» Exercise prompt
One part of the entries below is wanted: the lines from the one containing "For Sale: 1937" through the one containing "smiling young asian". Write those out exactly and nothing else.

» Records for the task
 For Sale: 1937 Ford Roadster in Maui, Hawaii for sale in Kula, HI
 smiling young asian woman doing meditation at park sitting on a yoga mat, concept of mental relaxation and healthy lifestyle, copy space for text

* * *

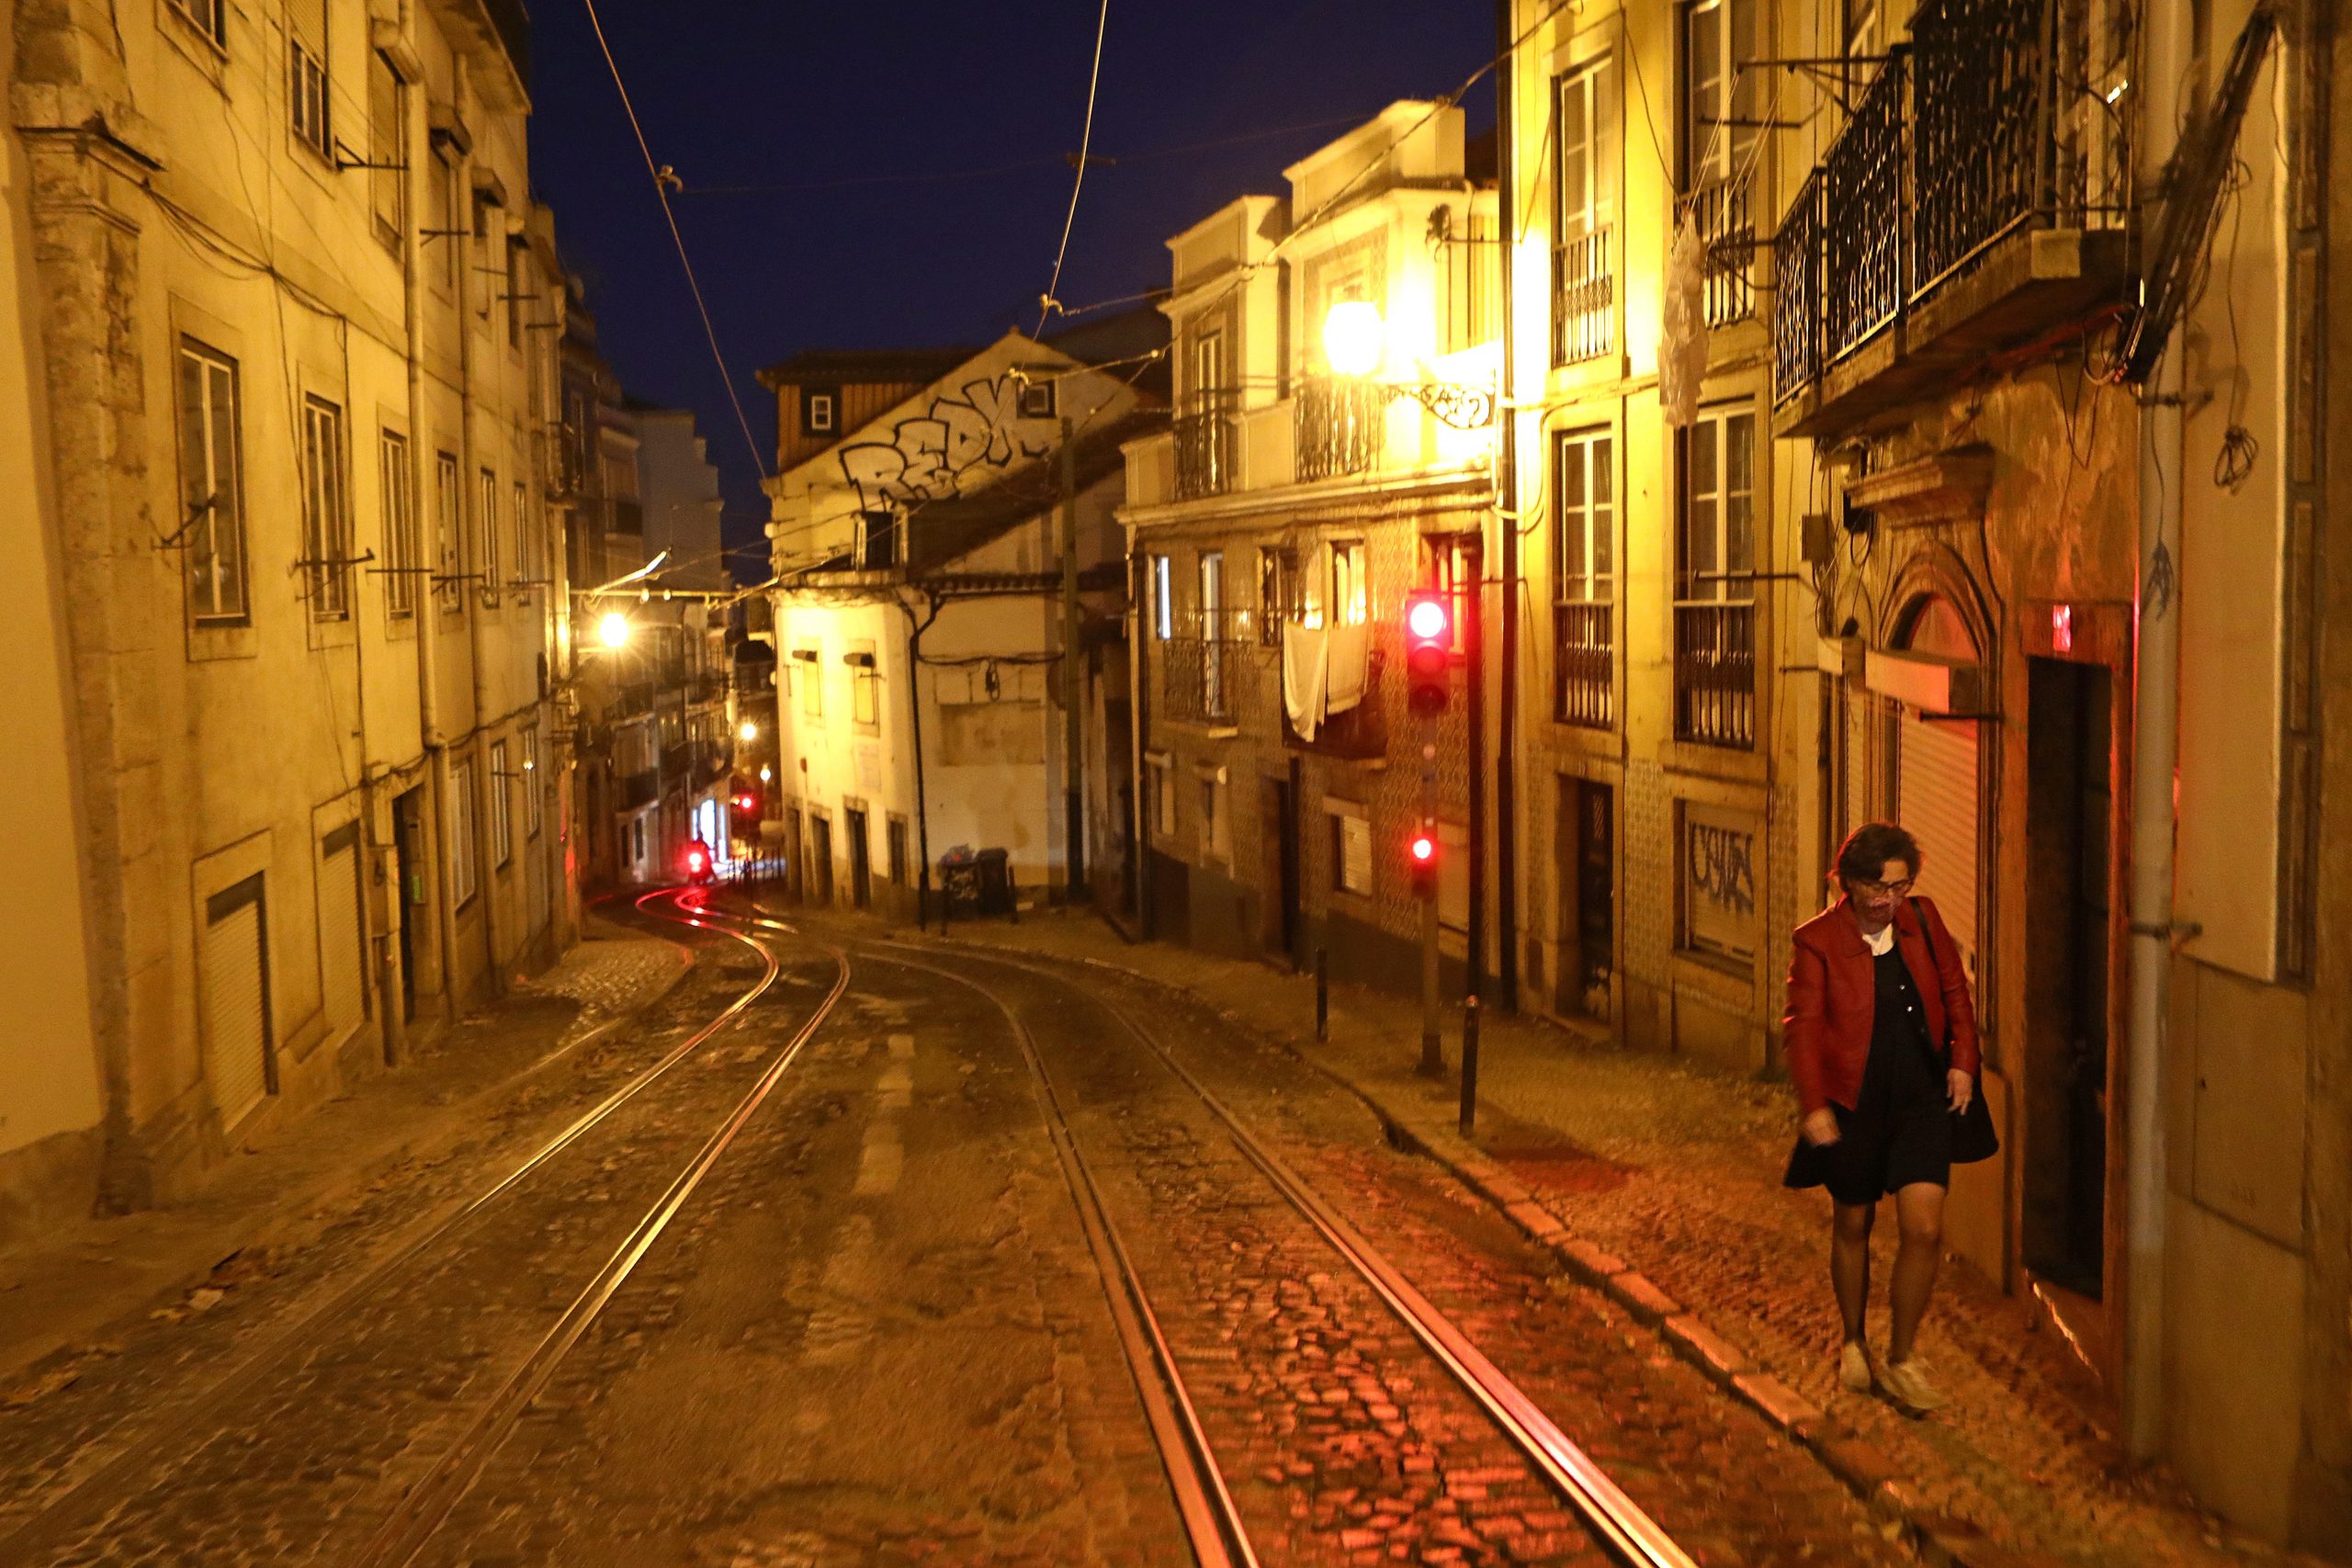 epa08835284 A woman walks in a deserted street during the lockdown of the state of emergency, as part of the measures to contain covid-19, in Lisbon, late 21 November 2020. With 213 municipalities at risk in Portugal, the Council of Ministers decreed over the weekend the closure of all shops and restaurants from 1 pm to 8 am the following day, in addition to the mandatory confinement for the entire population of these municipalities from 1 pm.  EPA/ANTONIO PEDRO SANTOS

» Exercise solution
 For Sale: 1937 Ford Roadster in Maui, Hawaii for sale in Kula, HI
 smiling young asian woman doing meditation at park sitting on a yoga mat, concept of mental relaxation and healthy lifestyle, copy space for text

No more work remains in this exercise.